Exercise:
Your task is to restate the listing word for word without the pictures.

Available data:
*** Begin section ***
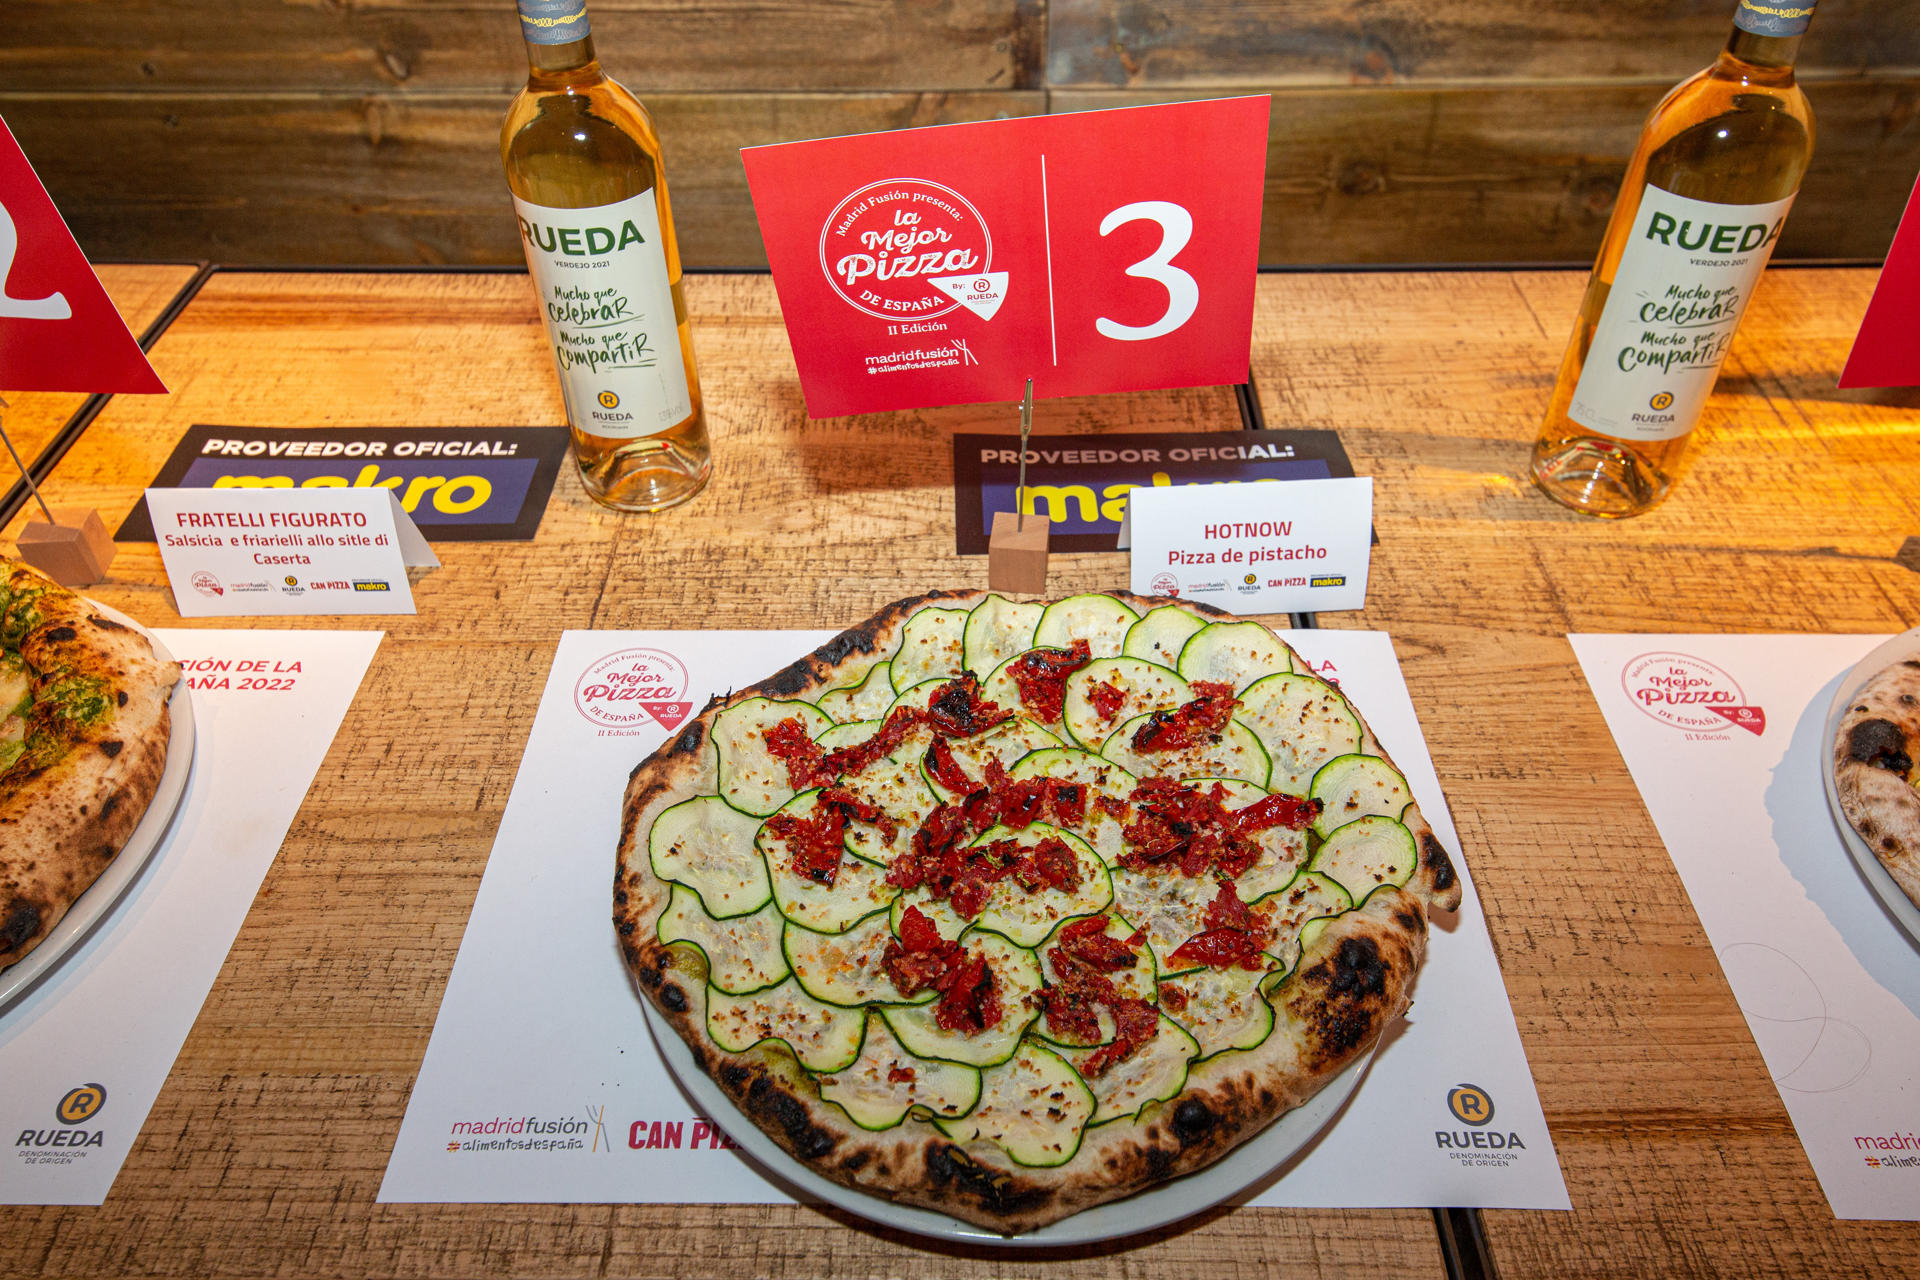 La pizza vegana con crema de pistacho, calabacín, tomate confitado, panko y ralladura de lima de Hot Now (Madrid) ha sido elegida como la mejor de España en una final en la que han competido ocho 'pizzaioli' seleccionados por el jurado entre las 19 propuestas presentadas. EFE/Madrid Fusión SOLO USO EDITORIAL/SOLO DISPONIBLE PARA ILUSTRAR LA NOTICIA QUE ACOMPAÑA (CRÉDITO OBLIGATORIO)
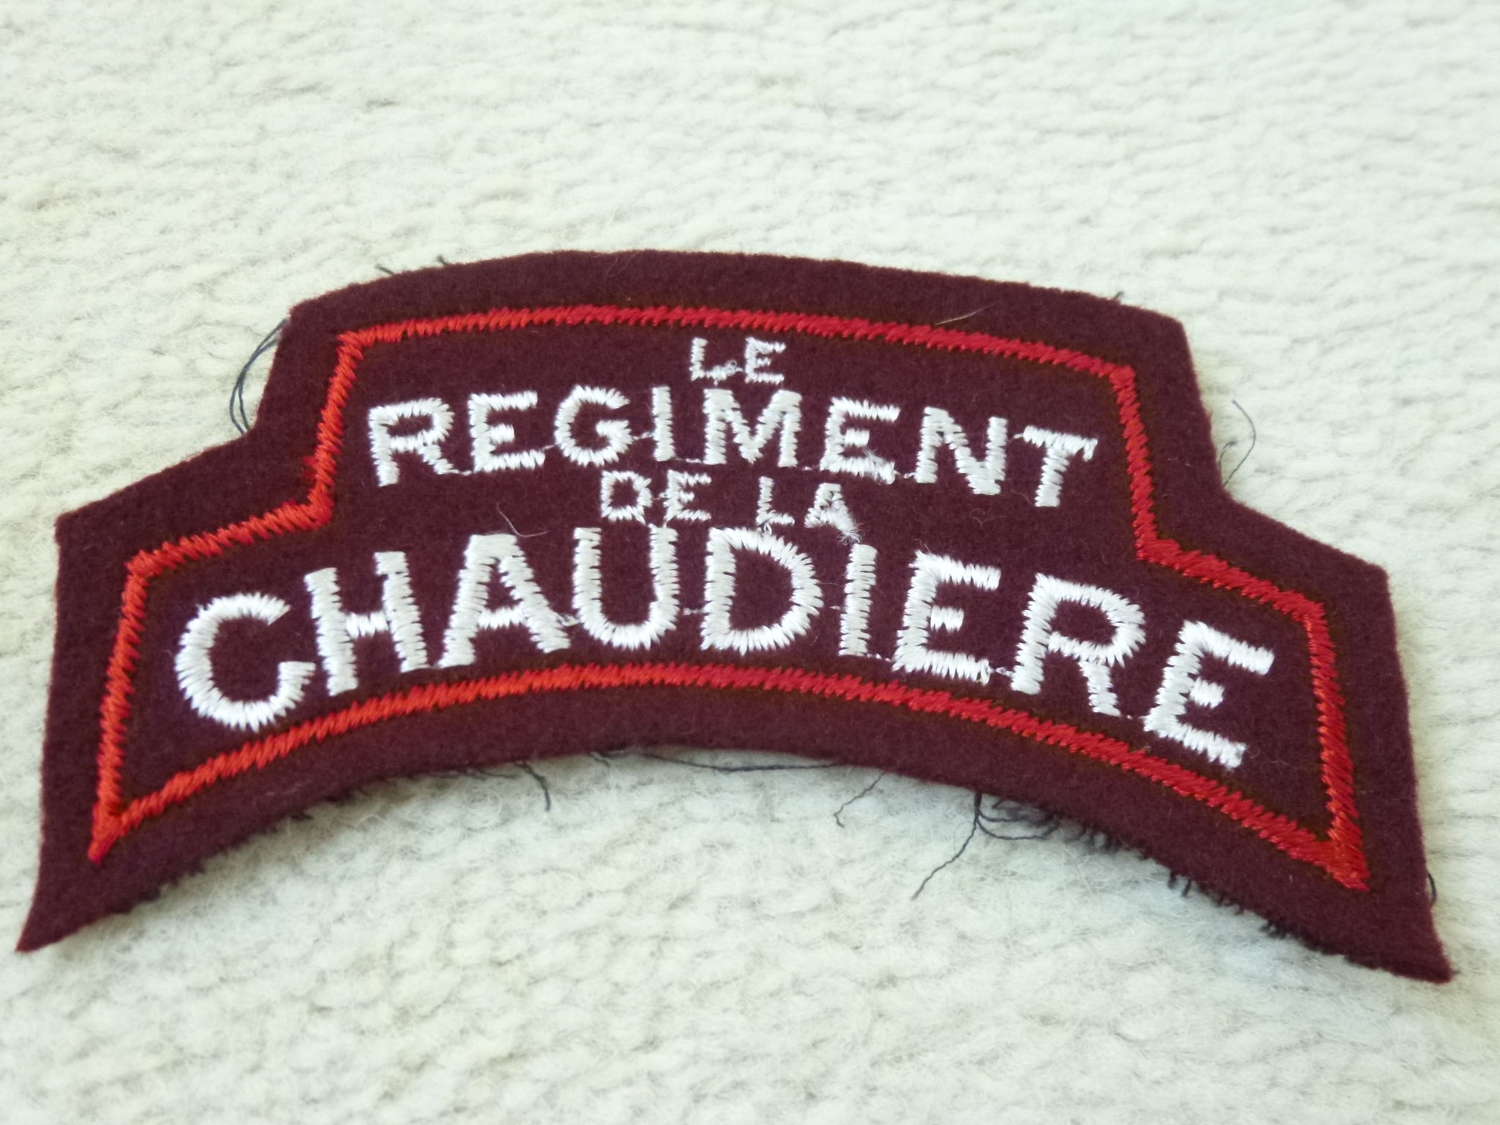 Single Canadian Regiment de la Chaudiere shoulder title
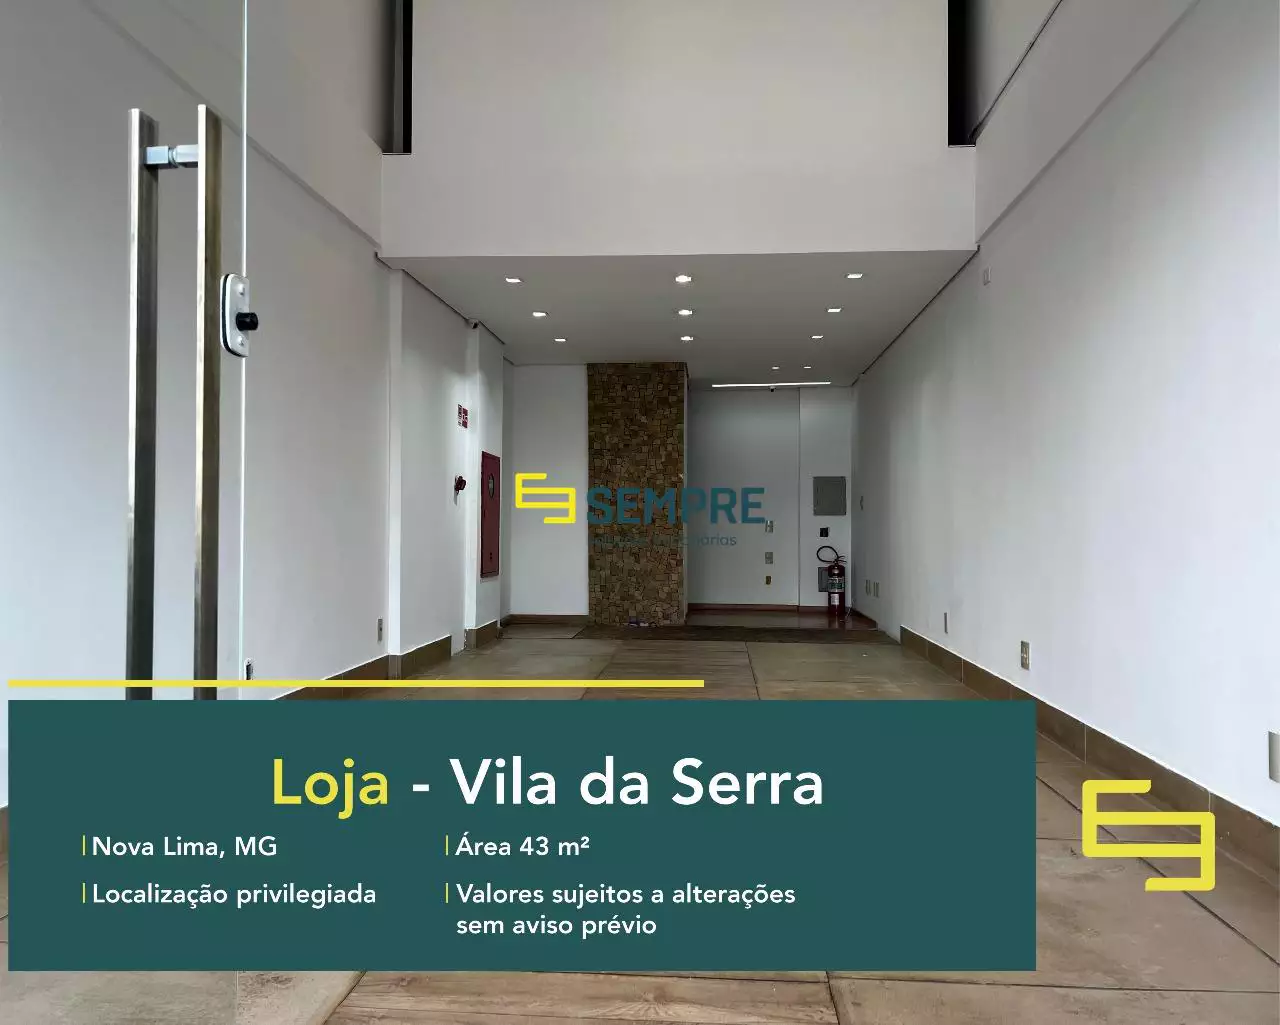 Loja para alugar no Vila da Serra em Nova Lima, em excelente localização. O estabelecimento comercial conta com área de 43,99 m².
*** End section ***
Task response:
 La pizza vegana con crema de pistacho, calabacín, tomate confitado, panko y ralladura de lima de Hot Now (Madrid) ha sido elegida como la mejor de España en una final en la que han competido ocho 'pizzaioli' seleccionados por el jurado entre las 19 propuestas presentadas. EFE/Madrid Fusión SOLO USO EDITORIAL/SOLO DISPONIBLE PARA ILUSTRAR LA NOTICIA QUE ACOMPAÑA (CRÉDITO OBLIGATORIO)
 Single Canadian Regiment de la Chaudiere shoulder title
 Loja para alugar no Vila da Serra em Nova Lima, em excelente localização. O estabelecimento comercial conta com área de 43,99 m².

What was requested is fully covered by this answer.